*Work request*: What is needed is a word-for-word copy of the lines below from the one with "ダニエルアンドダグラス 腕時計 長財布" through the one with "Im deutschen Freiburg", both included, with every picture left out.

*Dataset*:
+===+
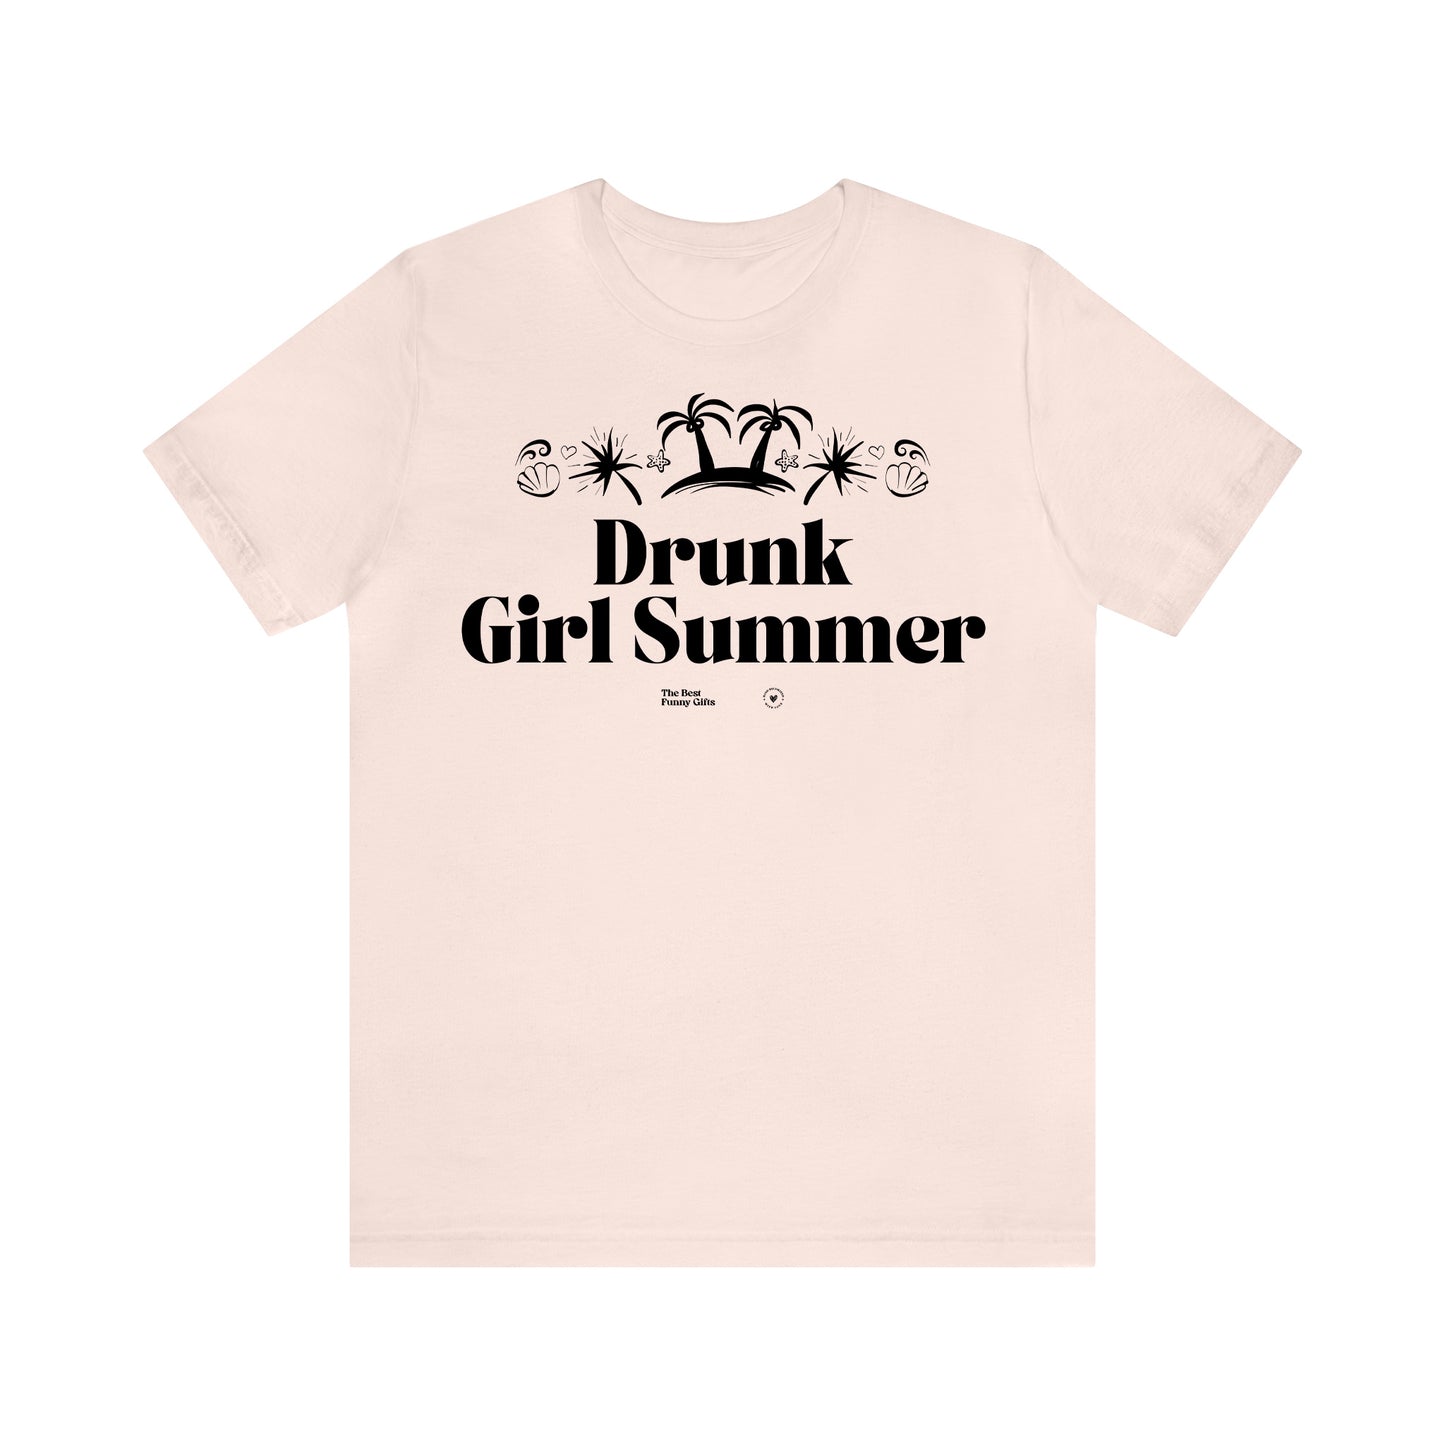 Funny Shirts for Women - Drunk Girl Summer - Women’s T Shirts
+===+
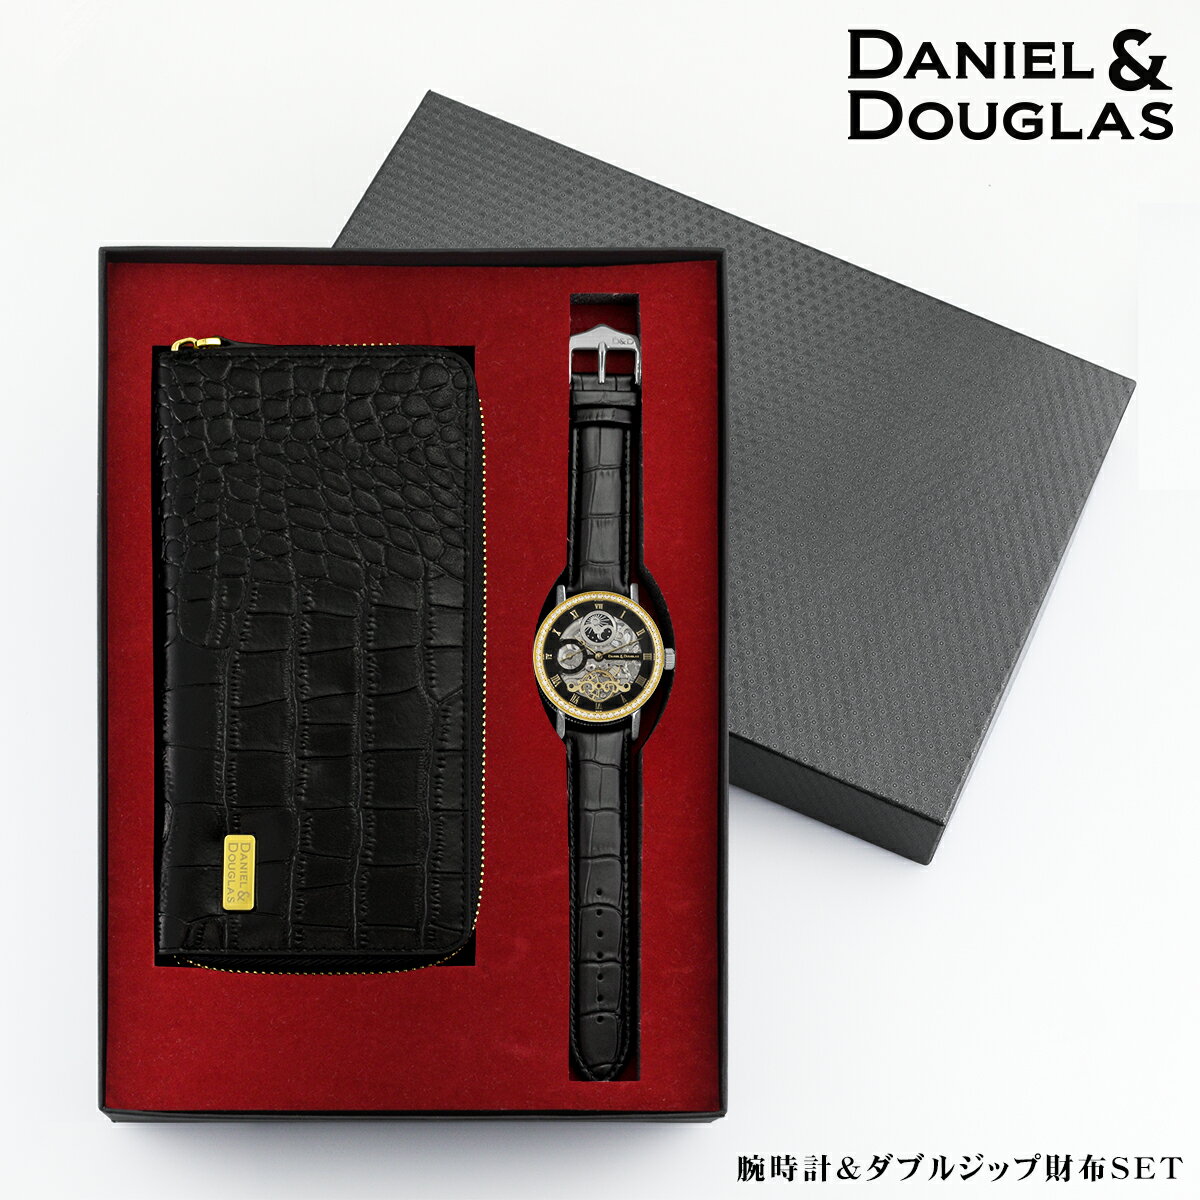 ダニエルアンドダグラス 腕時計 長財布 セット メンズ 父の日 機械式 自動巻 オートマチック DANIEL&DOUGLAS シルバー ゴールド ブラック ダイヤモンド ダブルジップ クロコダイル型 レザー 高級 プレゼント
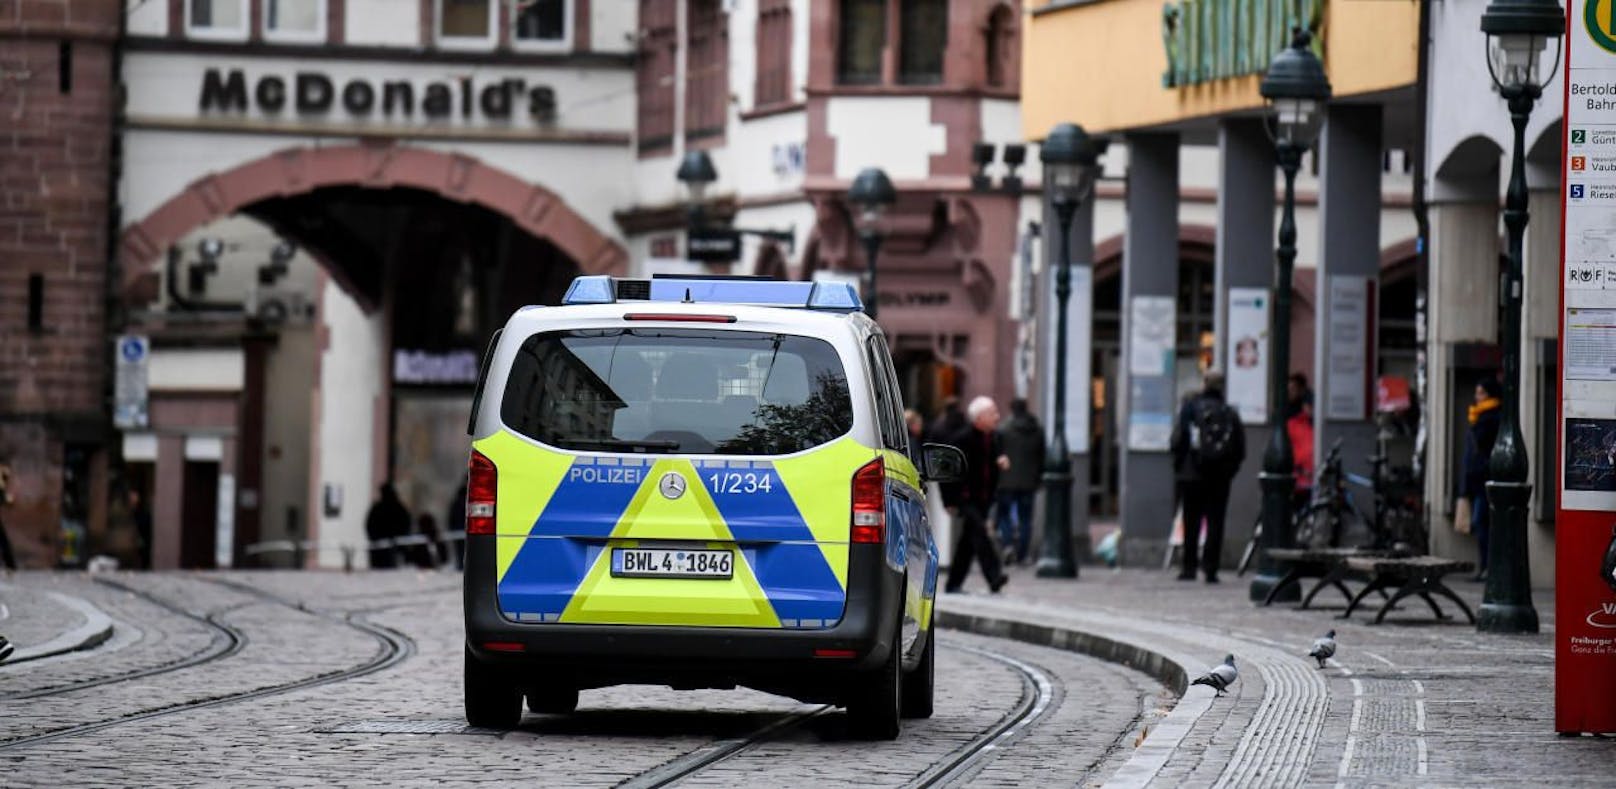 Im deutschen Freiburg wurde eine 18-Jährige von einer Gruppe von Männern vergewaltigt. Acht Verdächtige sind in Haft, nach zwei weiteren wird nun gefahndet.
+===+
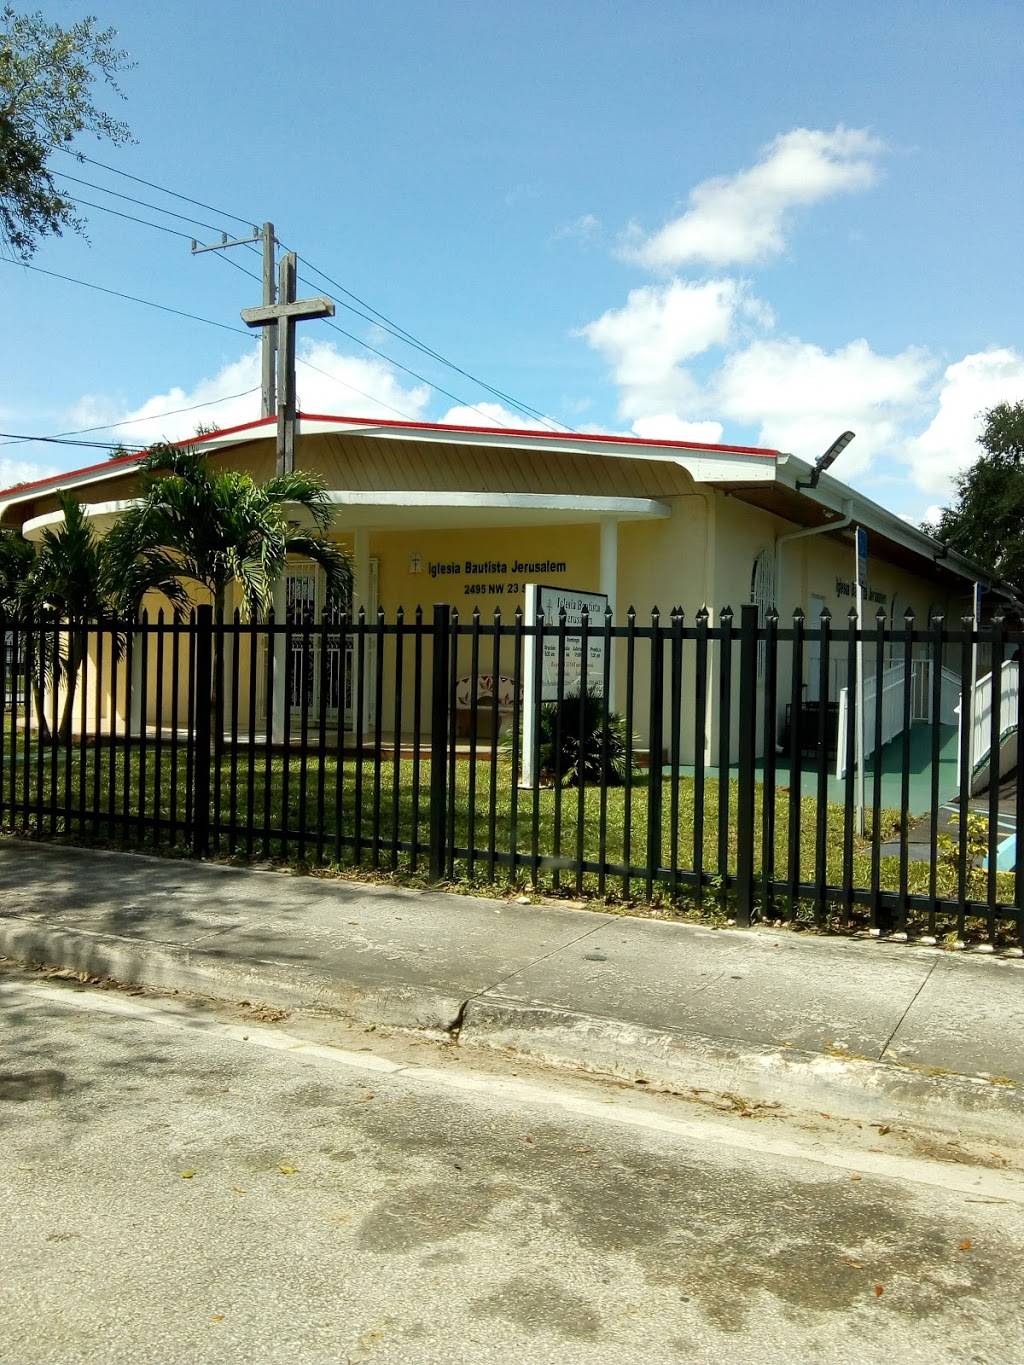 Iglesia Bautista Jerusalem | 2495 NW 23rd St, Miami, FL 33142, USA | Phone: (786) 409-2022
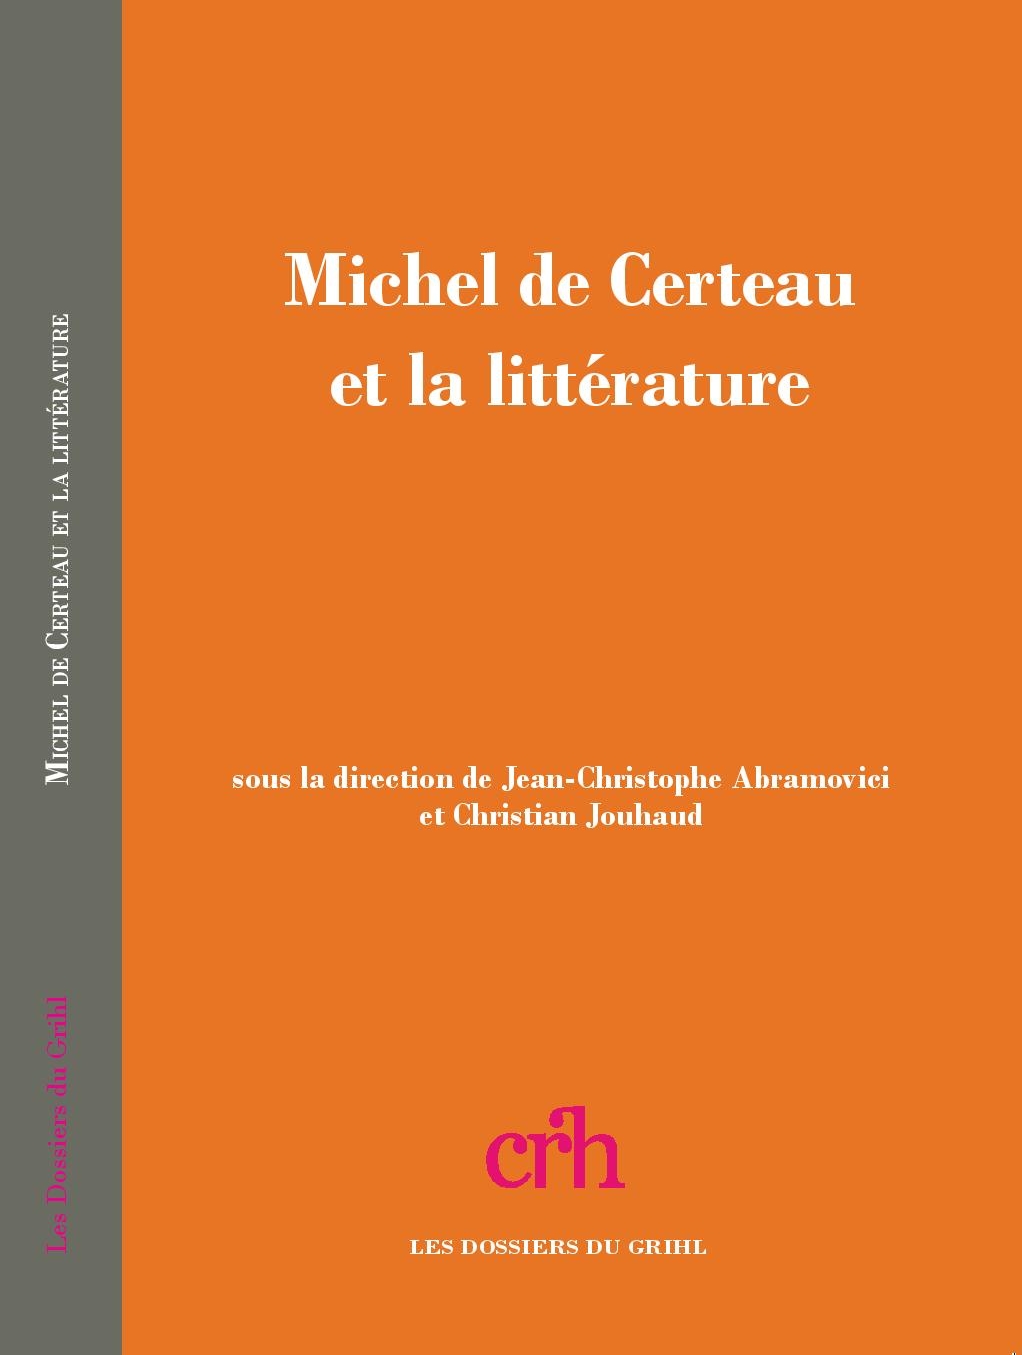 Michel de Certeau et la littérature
+===+
*Reply*:
 ダニエルアンドダグラス 腕時計 長財布 セット メンズ 父の日 機械式 自動巻 オートマチック DANIEL&DOUGLAS シルバー ゴールド ブラック ダイヤモンド ダブルジップ クロコダイル型 レザー 高級 プレゼント
 Im deutschen Freiburg wurde eine 18-Jährige von einer Gruppe von Männern vergewaltigt. Acht Verdächtige sind in Haft, nach zwei weiteren wird nun gefahndet.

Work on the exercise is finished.